The quantification of 1-hydroxycyclohexyl phenyl ketone not only serves to highlight its presence in aqueous solutions but also raises concerns regarding its cytotoxicity to human cells. Utilizing the 3-(4,5-dimethylthiazol-2-yl)-2,5-diphenyltetrazolium bromide assay for cell viability, researchers treated normal human peripheral blood mononuclear cells with 1-hydroxycyclohexyl phenyl ketone for both 24 and 48 hours at 37 degrees Celsius.
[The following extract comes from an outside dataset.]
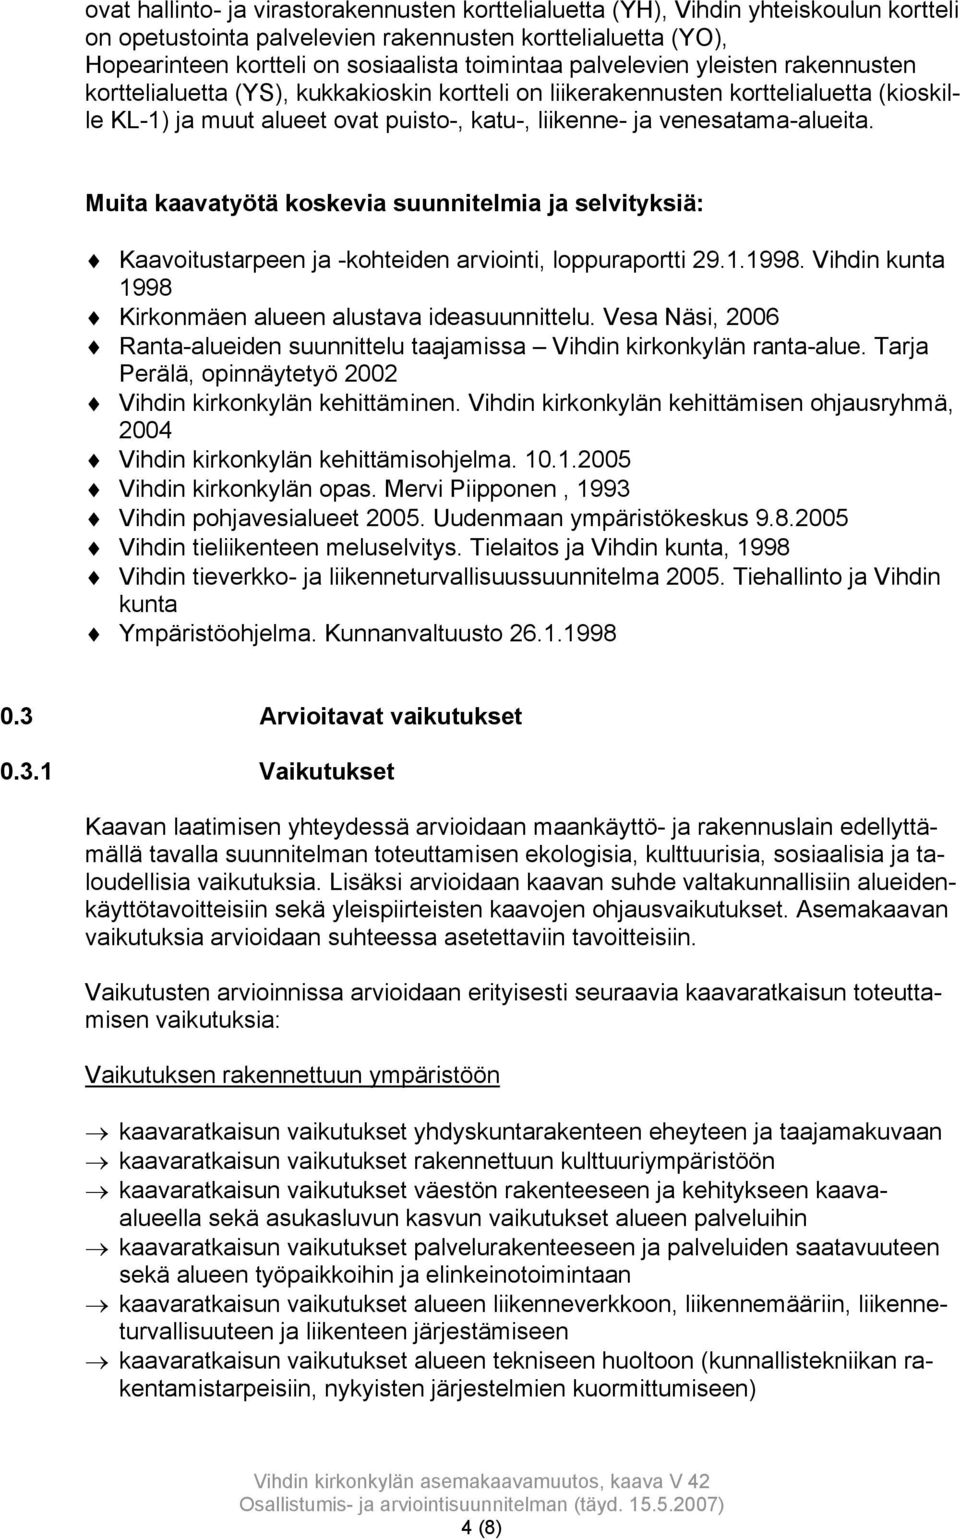 Muita kaavatyötä koskevia suunnitelmia ja selvityksiä: Kaavoitustarpeen ja -kohteiden arviointi, loppuraportti 29.1.1998. Vihdin kunta 1998 Kirkonmäen alueen alustava ideasuunnittelu.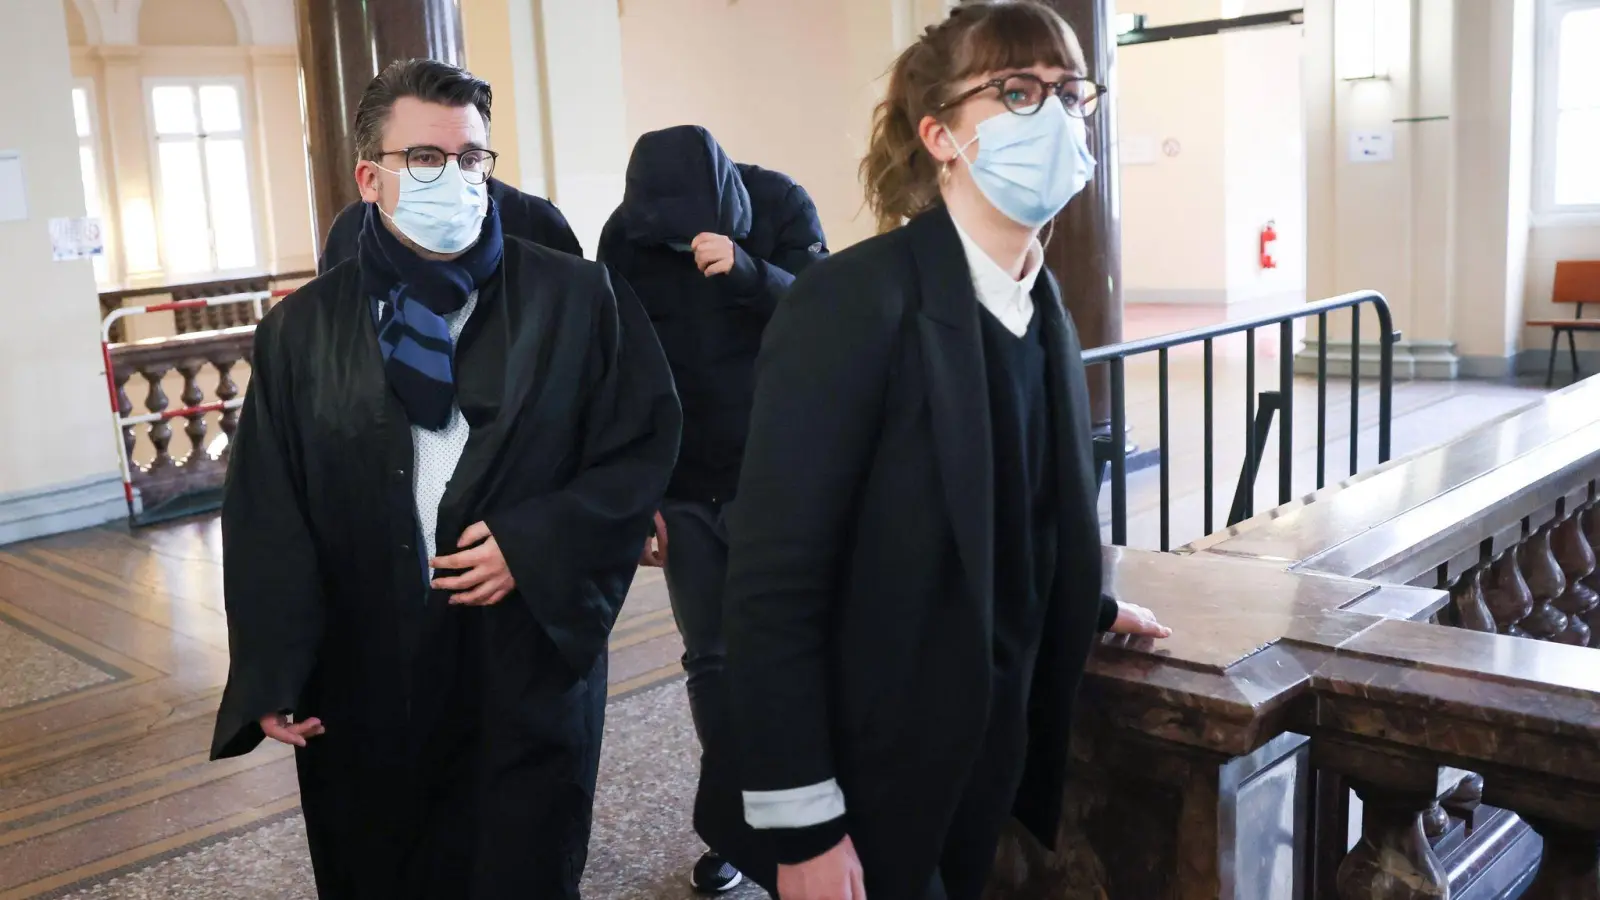 Der Angeklagte wird vor Beginn eines Prozesses von seinen Anwälten in den  Sitzungssaal begleitet. (Foto: Christian Charisius/dpa)

Results indicated a significant decrease in cell viability, pointing to the harmful effects of this photoinitiator on human monocytes. The findings emphasize the need for careful monitoring of 1-hydroxycyclohexyl phenyl ketone levels in clinical settings, as accumulation of this compound could potentially lead to adverse health outcomes in patients receiving intravenous treatments. Further studies are necessary to fully elucidate the health risks associated with 1-hydroxycyclohexyl phenyl ketone exposure. ²

Reference

1. Lu Y, Tan WY, Ding Y, Chen W, Zhang H. Oxidation of Primary Alcohols and Aldehydes to Carboxylic Acids with 1-Hydroxycyclohexyl Phenyl Ketone. J Org Chem. 2023; 88(13): 8114-8122.

2. Yamaji K, Kawasaki Y, Yoshitome K, Matsunaga H, Sendo T. Quantitation and human monocyte cytotoxicity of the polymerization agent 1-hydroxycyclohexyl phenyl ketone (Irgacure 184) from three brands of aqueous injection solution. Biol Pharm Bull. 2012; 35(10): 1821-1825.